Slide p. 68: Concepts borrowed from the text world — p. 68 ► 1:20:49

1:20:49 diffusion to the field of LLMs? So as you know, there has been a lot of transfer of knowledge from what has worked well in the text world to the vision world. So in the text world, as you know, in 2017, we had the transformer that was initially designed for translation tasks. So let's suppose you want to translate from English to French.

1:21:17 What you do is you use this transformer to have some, let's say, English text as inputs in order to have a generated French text as output. And as you know, well, people in the vision world, they adapted the architecture in a way that leverages some of the scalability benefits that the transformer brings to the vision world.

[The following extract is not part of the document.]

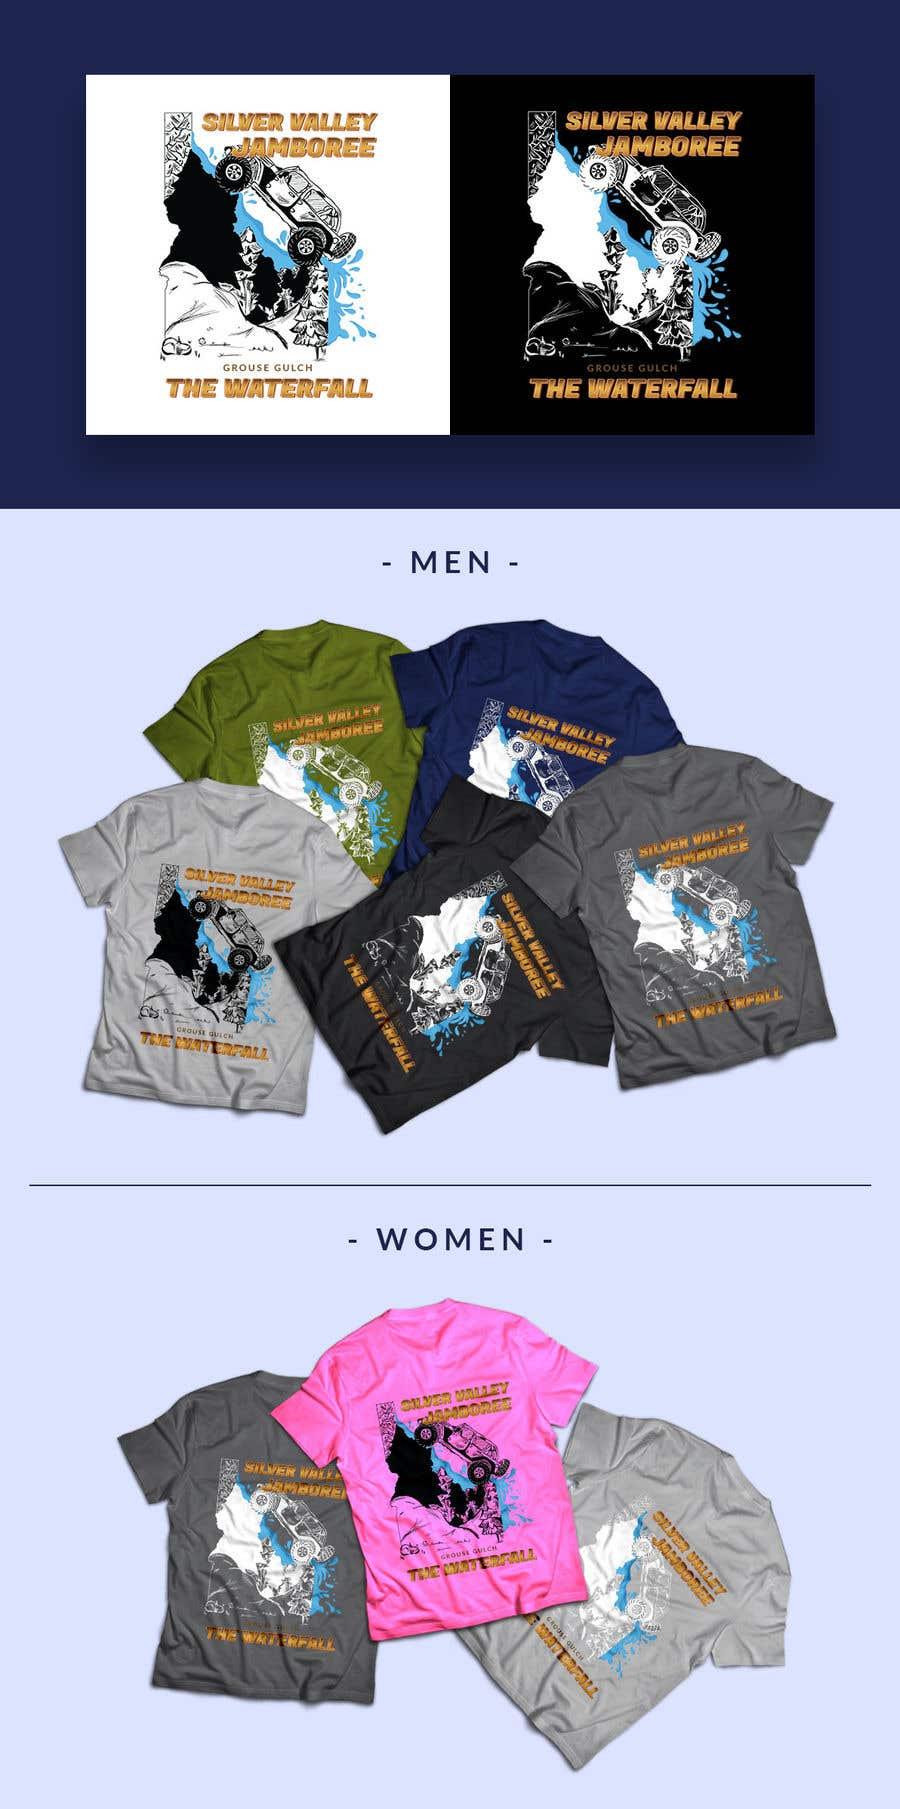 Konkurrenceindlæg #                                        54                                      for                                         Design for an event tee shirt

1:21:44 And in particular, there is one architecture we have spent a bunch of time on, which is the diffusion transformer, which relies on that. So that's one thing. The next thing is something we've briefly

Slide p. 69: Concepts borrowed from the text world — p. 69 ► 1:21:56

1:21:56 talked about during, I believe, lecture 6, which is around post-training approaches, and in particular, the fact of injecting negative signals into your model. So there is this tuning method called DPO, which stands for direct preference optimization from the LLM world, that was something that was

1:22:21 adapted to the diffusion world. So that's one. And another one that you may be aware of

Slide p. 70: Concepts borrowed from the text world — p. 70 ► 1:22:27

1:22:27 is GRPO, which now is widely in use in LLMs that is also something that has been something that people have experimented with in the vision world with flow GRPO. So now you can ask yourself, OK, text has given so much to us. What can we give back to text? Well, I know this class is not about text, so I will not

Slide p. 71: Traditional generation paradigm for text — p. 71 ► 1:22:55

1:22:55 go into the details. But one thing I want to talk about is that in the text world, we are doing things mostly in an autoregressive way, a little bit like when you and I, when we talk, what we do is we generate one word at a time. And whatever comes out is a function of whatever came before. Just to illustrate this, so you have your LLM, which here we say

1:23:23 is autoregressive. Let's call it an ARM LLM, autoregressive model. So here we have, let's say, a token that says, OK, we're starting the sentence. So we say, A. And then A goes into the model along with everything that came before and a teddy. And we repeat it again and again. Teddy bear is reading. We're generating sentences by sequentially inputting

1:23:53 tokens one at a time and having the model look at anything that it has generated before in order to generate the next token. Well, the problem with that is that if your output sentence or your output response is long, then

Slide p. 72: What about diﬀusion for text? — p. 72 ► 1:24:15

1:24:15 you will take a lot of time outputting that response because the number of iterations here is in awe of the number of tokens that you output. So in particular, I'm not sure if you do a lot of coding on a day-to-day basis, but let's suppose you want to, let's say, code a huge thing, like 1,000 lines of code. Well, what that model is doing is really

1:24:43 outputting things one at a time. It takes a long time. And of course, you want this to be quick. Well, one idea is to borrow this idea of diffusion for text. So here what you can think of is instead of doing things one at a time, how about we do everything at once. And we start from noise. And what we do is we progressively denoise in order

1:25:21 to obtain our final output. Why wouldn't we do that? So, by the way, it sounds very non-natural because I think you're very used to saying things in a sequential way. But one analogy I want to point out here is let's suppose you're writing a speech.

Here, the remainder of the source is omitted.